Task details. Your reply should set down word for word each line below from the one with "Vaar in een" through the final line, both included, but none of the pictures.

Recorded data.
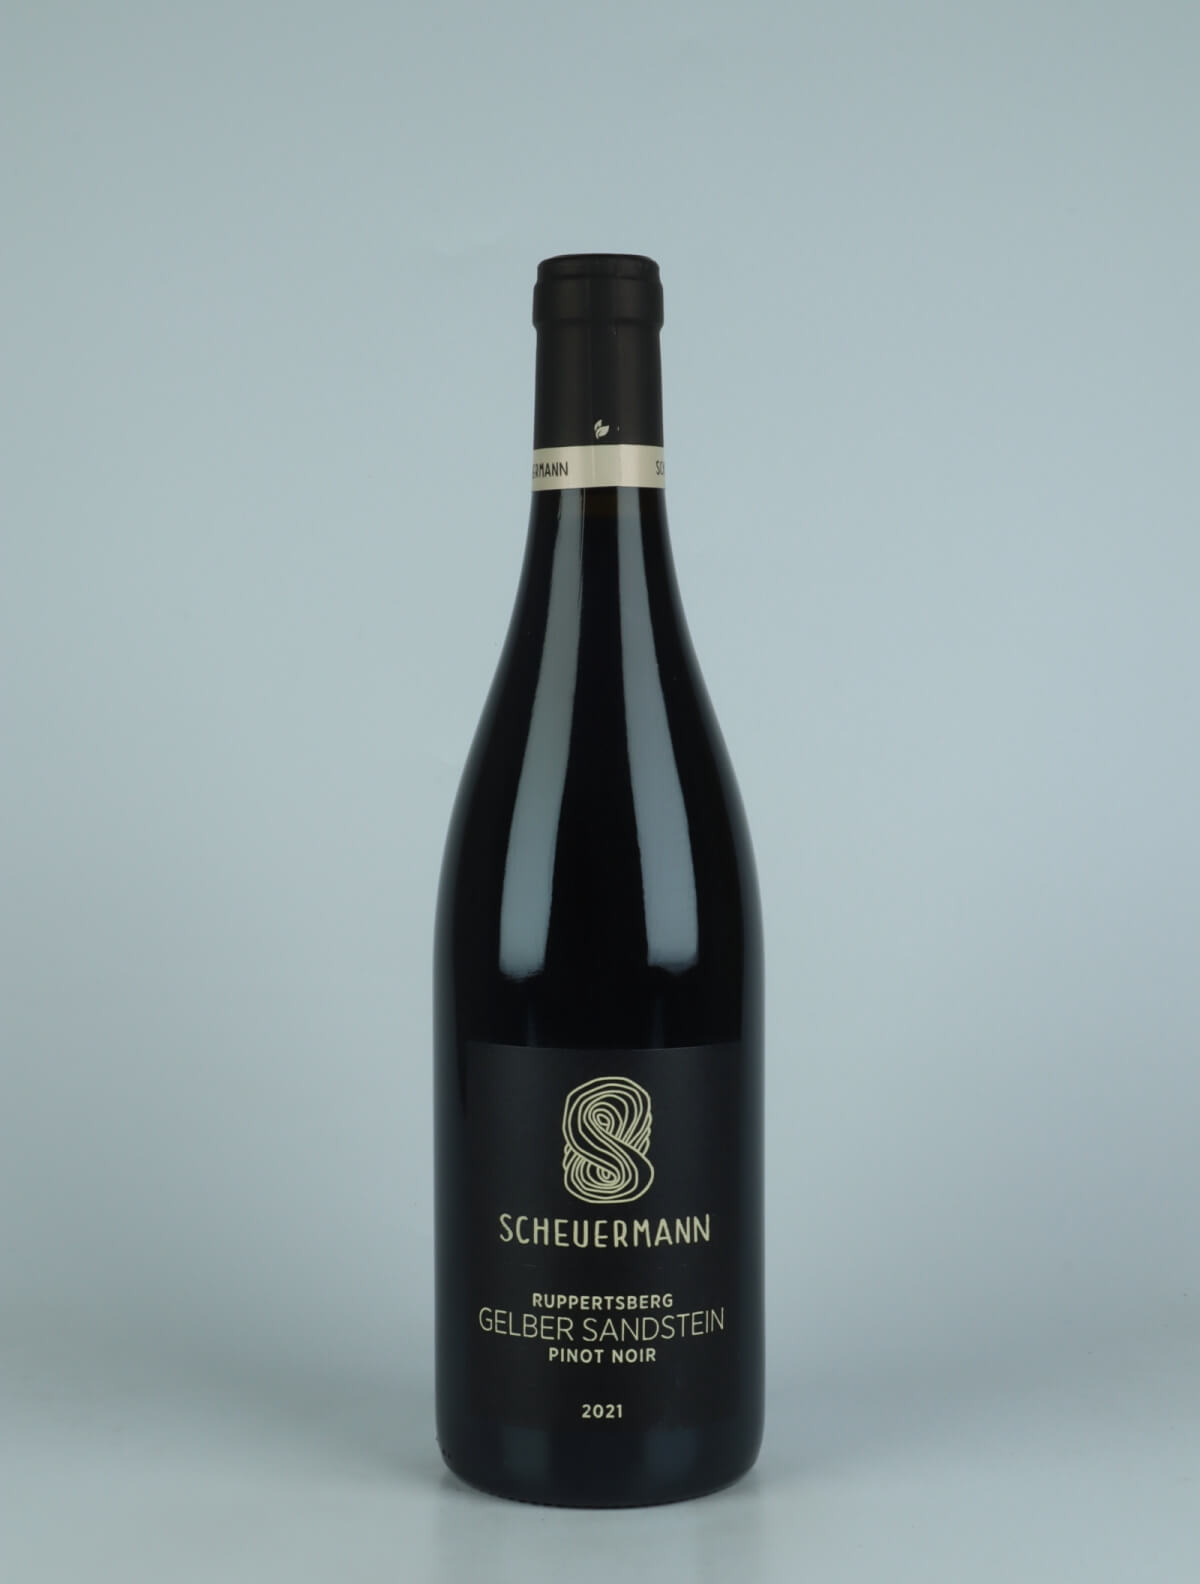 A bottle 2021 Pinot Noir - Gelber Sandstein Red wine from Weingut Scheuermann, Pfalz in Germany
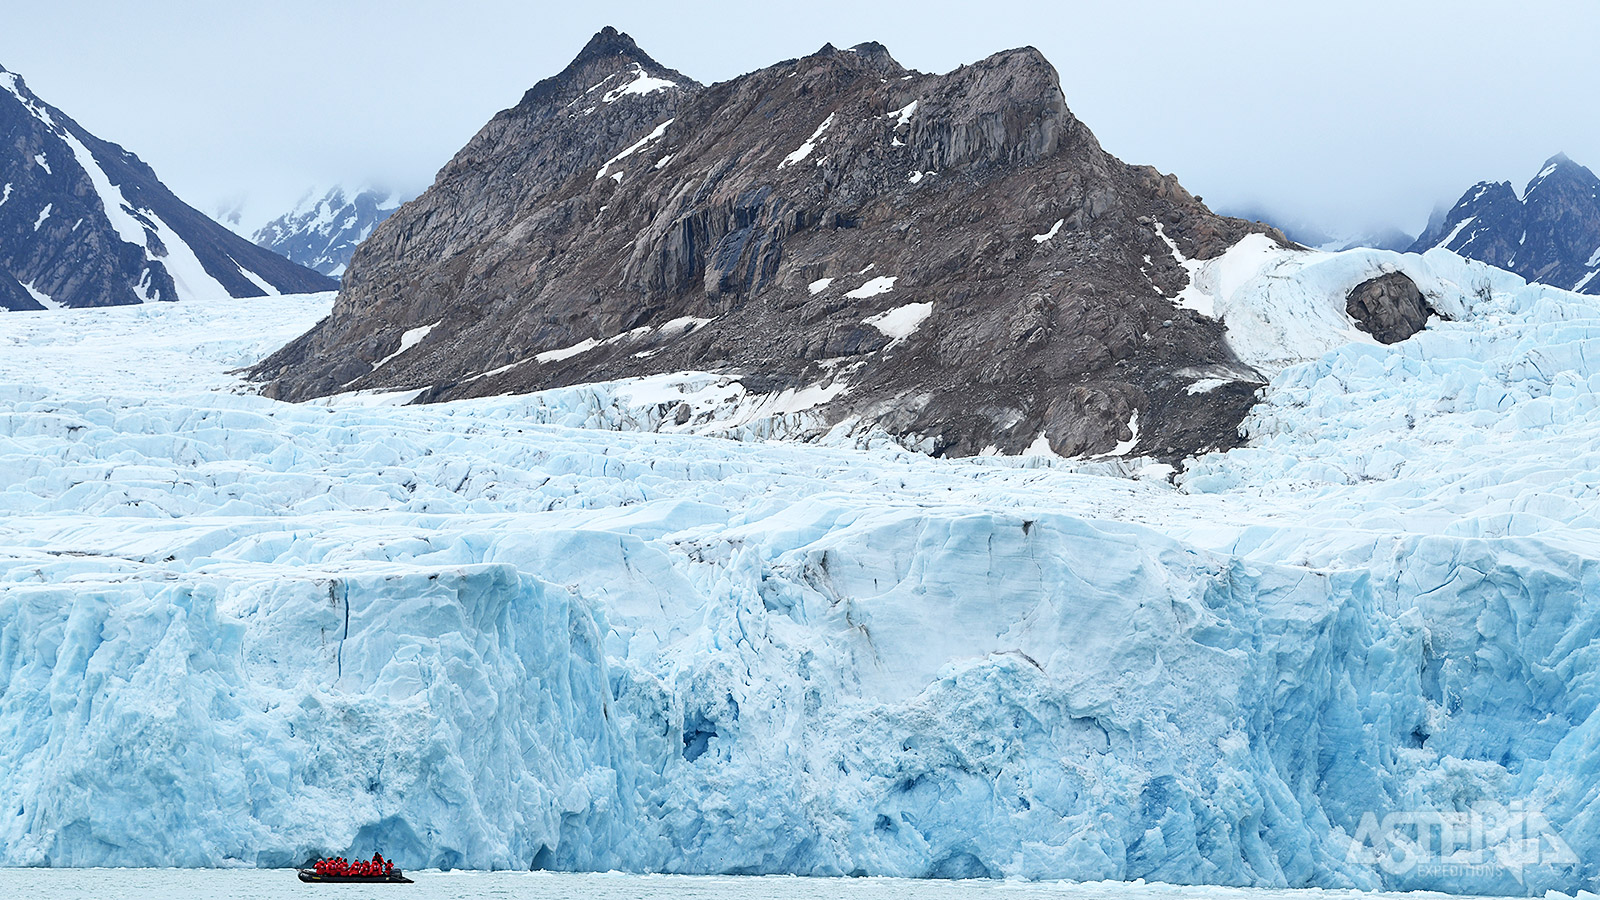 Vaar in een zodiac door prachtige fjorden, langs enorme gletsjers en grillige ijsbergen
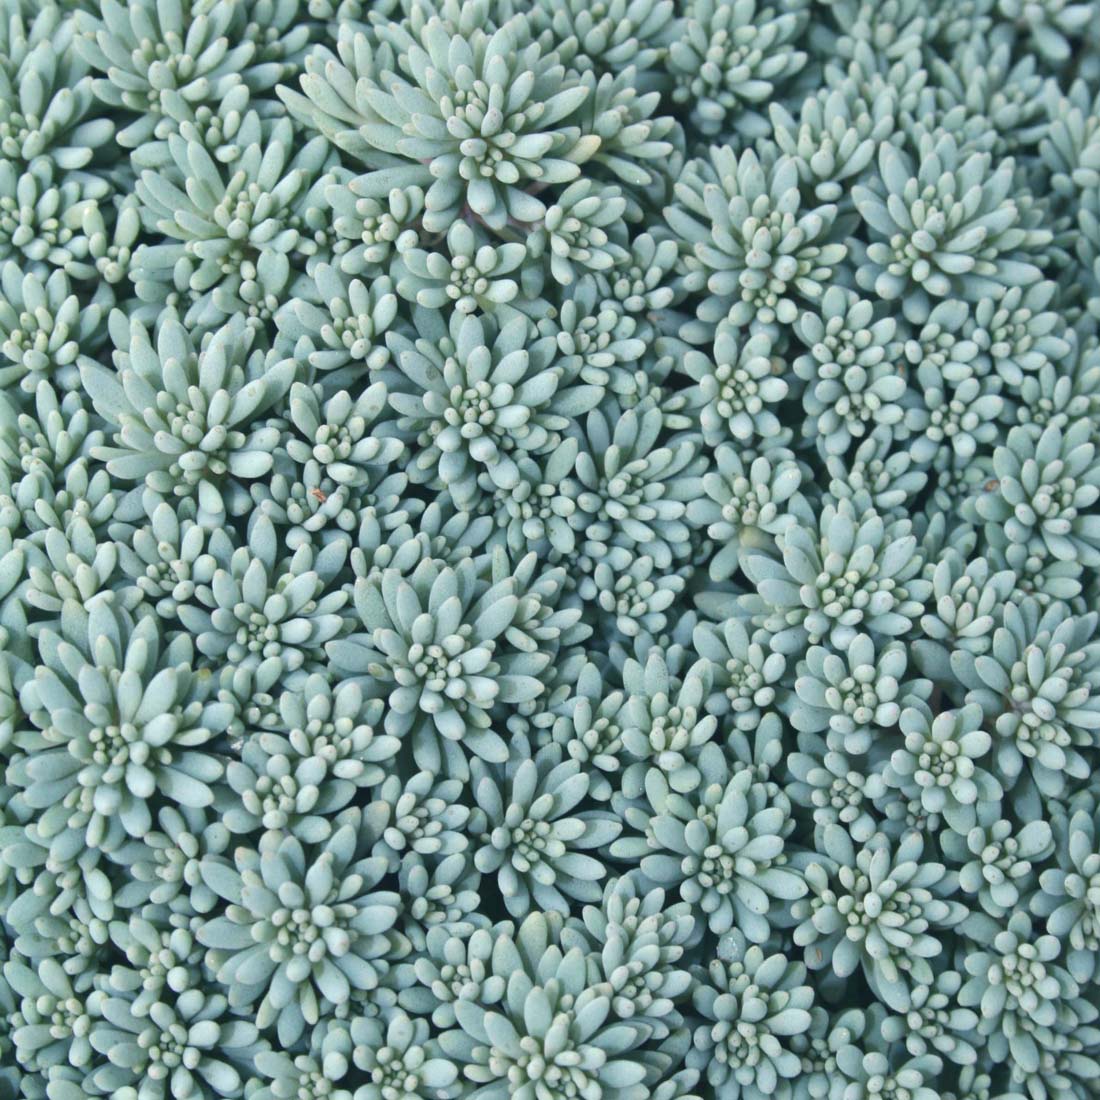 Sedum 'Blue Carpet' Stonecrop
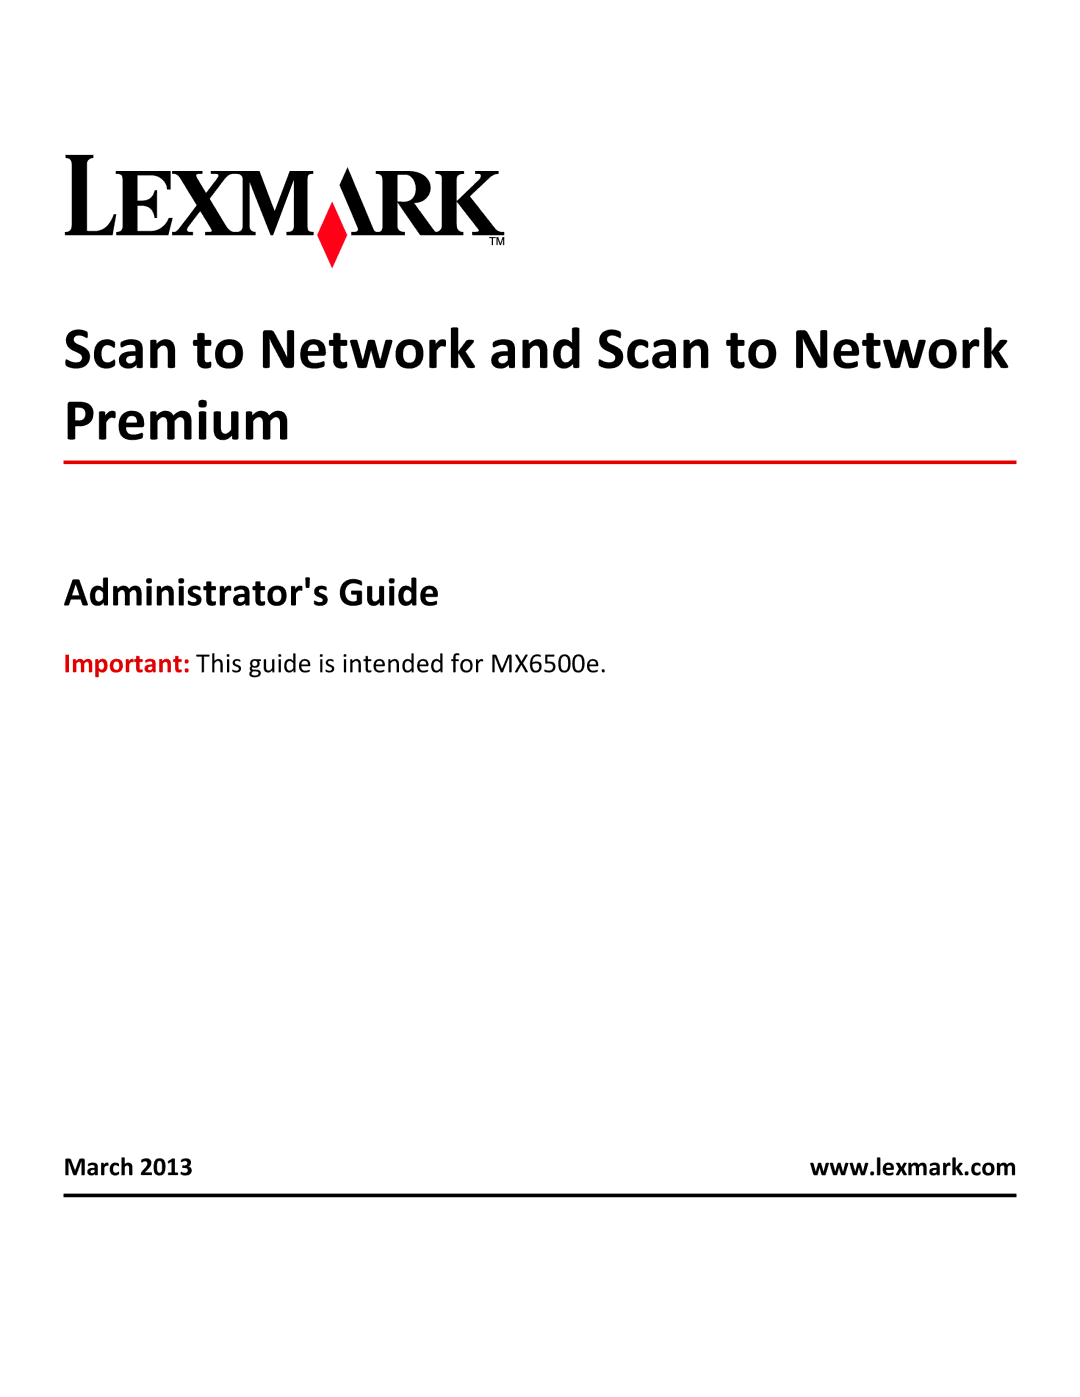 Lexmark MX6500E manual Administrators Guide, March

Response for this exercise.
 Vaar in een zodiac door prachtige fjorden, langs enorme gletsjers en grillige ijsbergen
 Sedum 'Blue Carpet' Stonecrop
 Lexmark MX6500E manual Administrators Guide, March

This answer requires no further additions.